The date September 11, 2001 will forever live in the minds of Americans and forever be cemented in history. On that morning, 19 members of the radical Islamic terrorist coalition Al-Qaeda hijacked four airliners and flew them to specially designated targets in the United States.
Within 20 minutes of each other, two of the airplanes slammed into the Twin Towers of the World Trade Center in New York City, with both towers collapsing in quick succession shortly after. One hour later, another airplane hit the Pentagon in Washington D.C. The fourth aircraft, United Airlines Flight 93, with a planned target of either the White House or Camp David, crashed in a rural area near the town of Shanksville, Pennsylvania after its crew and passengers rallied against their hijackers and attempted to regain control of the aircraft.
By the end of the day, according to the 9/11 article on the History website, a total of 2,996 people were dead in the largest foreign attack on United States soil since the attack on Pearl Harbor in 1941. 2,763 were killed in New York City, including 400 firefighters, paramedics, police officers, and port authority employees. At the Pentagon, the result was 249 killed, along with the 44 passengers and crew of Flight 93.
September 11, 2021 marked the 20th anniversary of the attack, which has become known simply as “9/11.” While most students currently attending Greensboro College were infants or young children on 9/11, there are faculty and staff still working at the college who were here on that day. They all tell different stories of where they were when they first heard and what their initial thoughts were. Even so, they all expressed feelings of shock, horror, fear, and uncertainty for the future.
Yet, the events of 9/11 also hit much closer to Greensboro than most know.
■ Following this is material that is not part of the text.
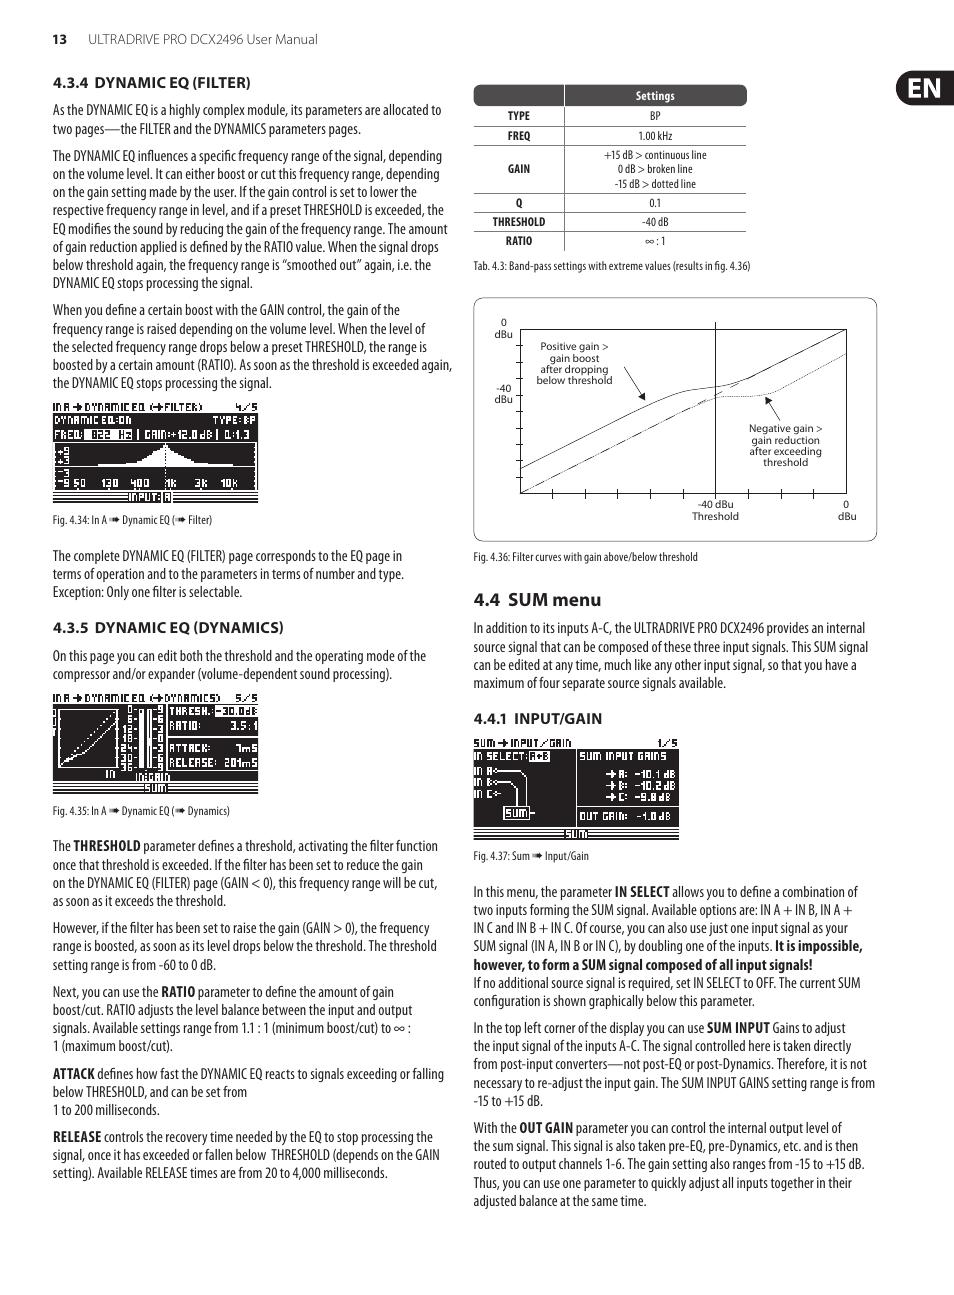 behringer dcx2496 instruction manual free owners manual u2022 rh wordworksbysea com 6.7 Cummins Manual Old Cummins Manual

As a stewardess aboard Flight 93, Sandy Waugh Bradshaw called the Gate City her home, having worked for United Airlines for 11 years. In a phone call with her husband, from the Flight 93 Friends website, Bradshaw explained that she had snuck into the plane’s galley and was filling pitchers with boiling water in preparation for the revolt, saying before hanging up, “Everyone’s running to first class. I’ve got to go.”
Recovered amongst the charred remains of the aircraft was Bradshaw’s flight handbook, severely burned by jet fuel. Today, that handbook has been preserved and is on display at the Greensboro History Museum.
According to the 9/11 Memorial website, for the anniversary, at the site the towers once stood, a commemoration was held where family members of the deceased read the names of those who were killed in the attack. It also included six minutes of silence at the times the planes struck the towers, Pentagon, and Pennsylvania. Along with this, there was a citywide commemoration at galleries and museums around New York City. At sundown, the memorial began its “Tribute of Light”, where two spotlights shone up into the sky at the spots where the towers stood.
The hope of these commemorations is to not only remember that terrible day. But to also rejuvenate a spirit of “9/12”, the day after the attack, where Americans came together in hope and compassion for what had happened in the aftermath. This is something that will hopefully be felt not only by New Yorkers, but throughout the nation. As President Bush said that night in a live broadcast, “These acts shatter steel, but they cannot dent the steel of American resolve.”